I wish we had a WBW community in which we could make friends and share ideas. I’ve also gotten a large number of emails and comments that say something along the lines of what a reader named Rebecca wrote in a comment on last week’s post: And all of this keeps confirming 1, 2, and 3 above about the people who read this site. Our readers keep teaching us things, inspiring us, and making us laugh. We’re not just guessing about what our readers are like-there are rich and interesting community discussions every week in the blog’s comment sections and on our Facebook page, and we get lots of emails from people every day. So let’s look at where that leaves us-we have a group of smart, curious people who like to brain play, but they’re also kind of immature, and they come from a vastly varied group of worlds and life experiences. The post topics are all over the place, and one fun side-effect of that is that the fly paper doesn’t hone in on any one group of people, so the WBW community is incredibly diverse-there are readers of all ages and all kinds of backgrounds, and because of the good fortune that the language we speak happens to be widely spoken throughout the world, the community includes people from literally every country on Earth. Really serious people can’t stand the site.ģ) They can’t be put in a box beyond #1 and #2. Wait But Why posts-even the serious ones-are riddled with silly drawings, curse words, and jokes. 2 We consider WBW a brain playground, which collects the type of people who like to brain play.Ģ) They’re not that serious.
#Superluminal communication reddit full#
And the posts tend to include a lot of facts and science and math and psychology, and even the posts on silly topics tend to be full of graphs and stats-which scares away all of the people who used to say “Um we’re not in class anymore” in high school when people would talk after school about something they had learned in class.

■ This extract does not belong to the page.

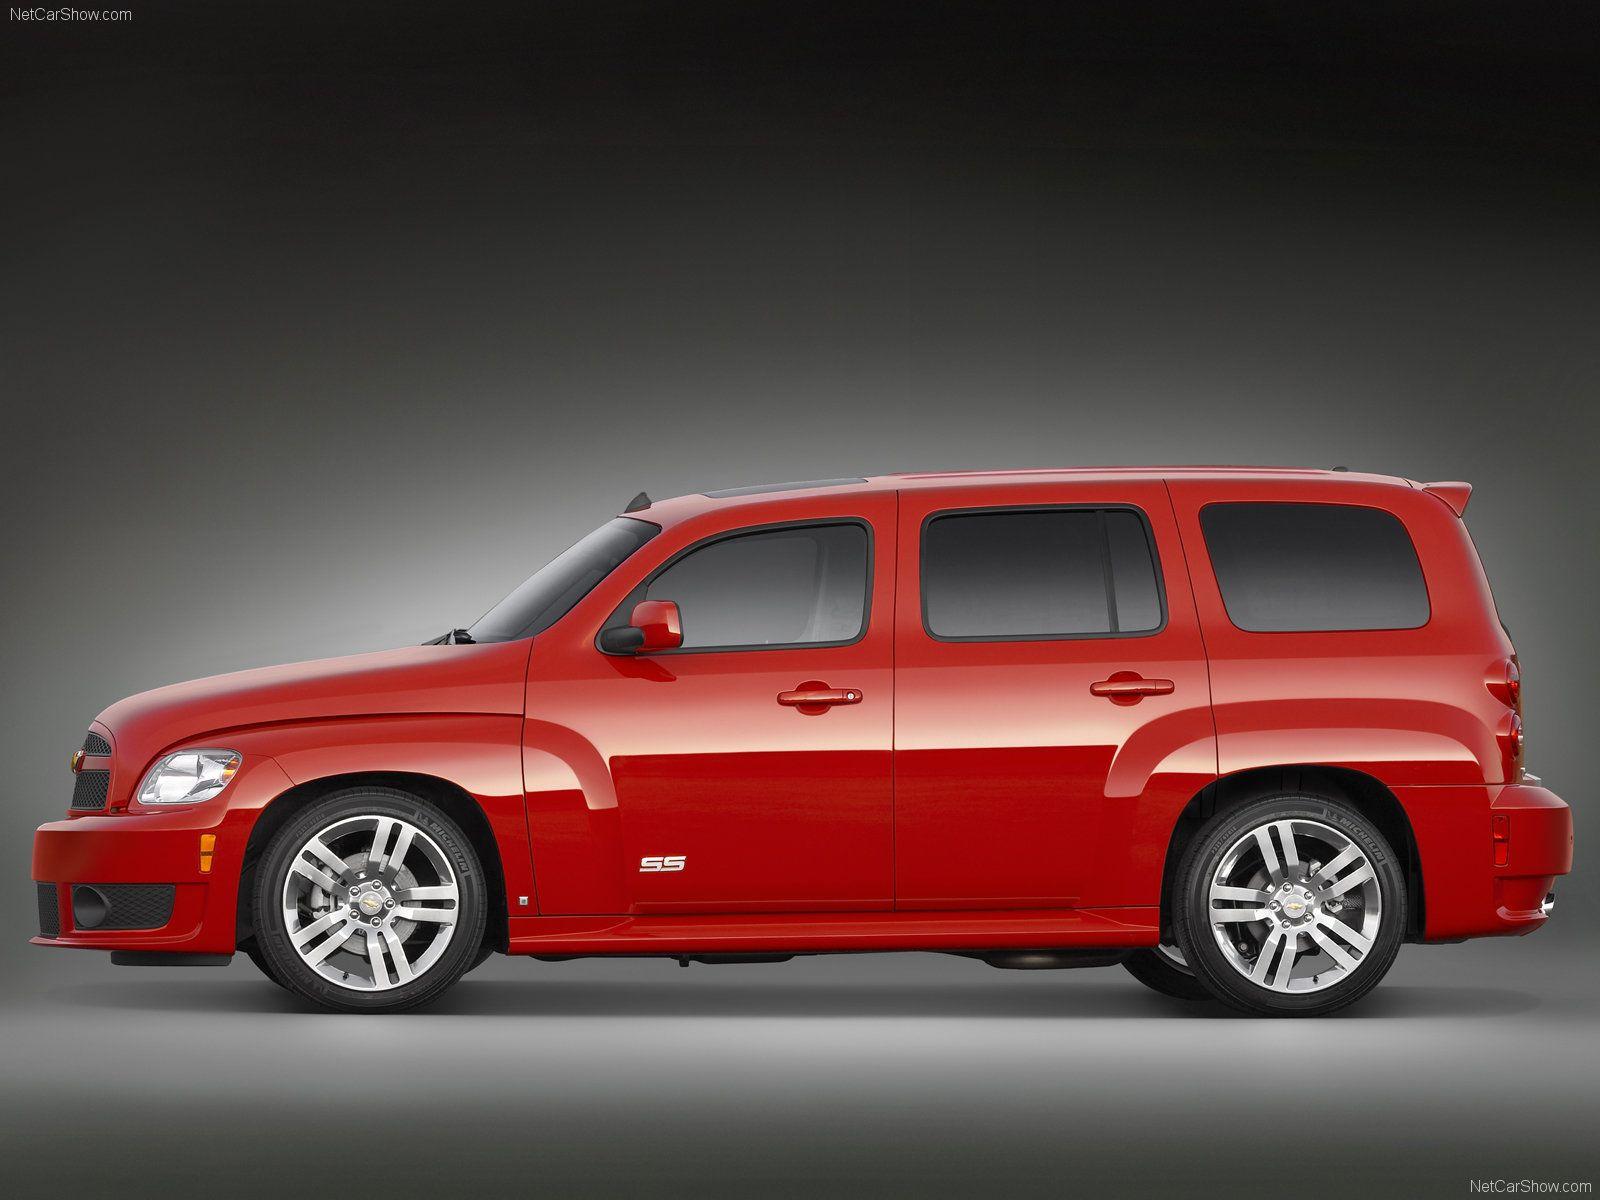 Hhr Ss Fuse Box Diy Enthusiasts Wiring Diagrams Diagram Chevrolet Photo Nice Rides Pinterest Chevy Rh Ca 2008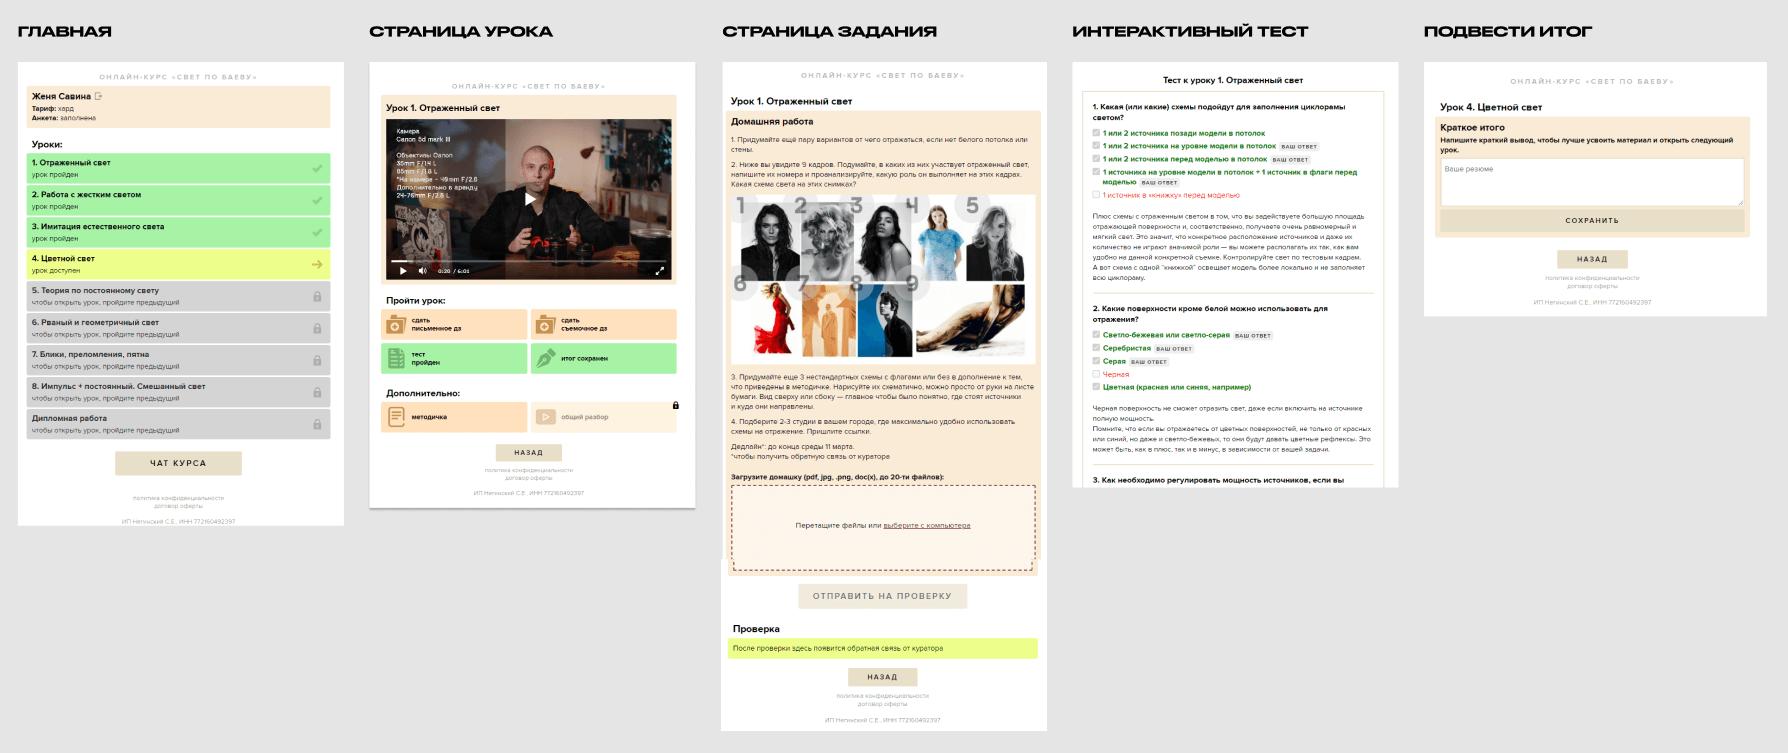 Разработал дизайн личного кабинета онлайн-курса Максима Баева 1

WBW posts are longggg and often dive way into a not-that-concrete topic-which turns off anyone who doesn’t like to think hard and deeply about things. What kind of odd fucking group of people do you end up with on that fly paper?ġ) They’re smart, curious, and thinky. It’s pretty simple.Įxcept what if your blog sometimes talks about aliens, but sometimes it talks about relationships, but sometimes it talks about bunnies, but sometimes it talks about Iraq, but sometimes it talks about how much to tip the delivery guy when it’s raining? A Pakistani cricket site will collect a lot of Pakistani cricket fans. The fly paper of a cooking blog will collect people who like to cook. If you took a close look at the fly paper of any blog and who’s stuck to it, you’d see a group of people who are a reflection of what the site is putting out there, whether in their interests, needs, sense of humor, general wavelength, or any other way a person can connect to blog posts. Everyone else lands once, flies away, and never comes back. When someone ends up on a blog or another kind of content site for the first time, reads something, and likes it enough to remember to come back later, bookmark the page, subscribe by email or follow on social media, they stick to the paper. Internet fly paper is only sticky for certain types of people, depending on the type of content it puts out there and how useful or enjoyable that content is. But internet fly paper isn’t like normal fly paper, which catches every fly that touches it. The internet is swarming with billions of people, and when one of them ends up on a blog, it’s like a fly landing for a second on a piece of fly paper. A blog is like a piece of internet fly paper.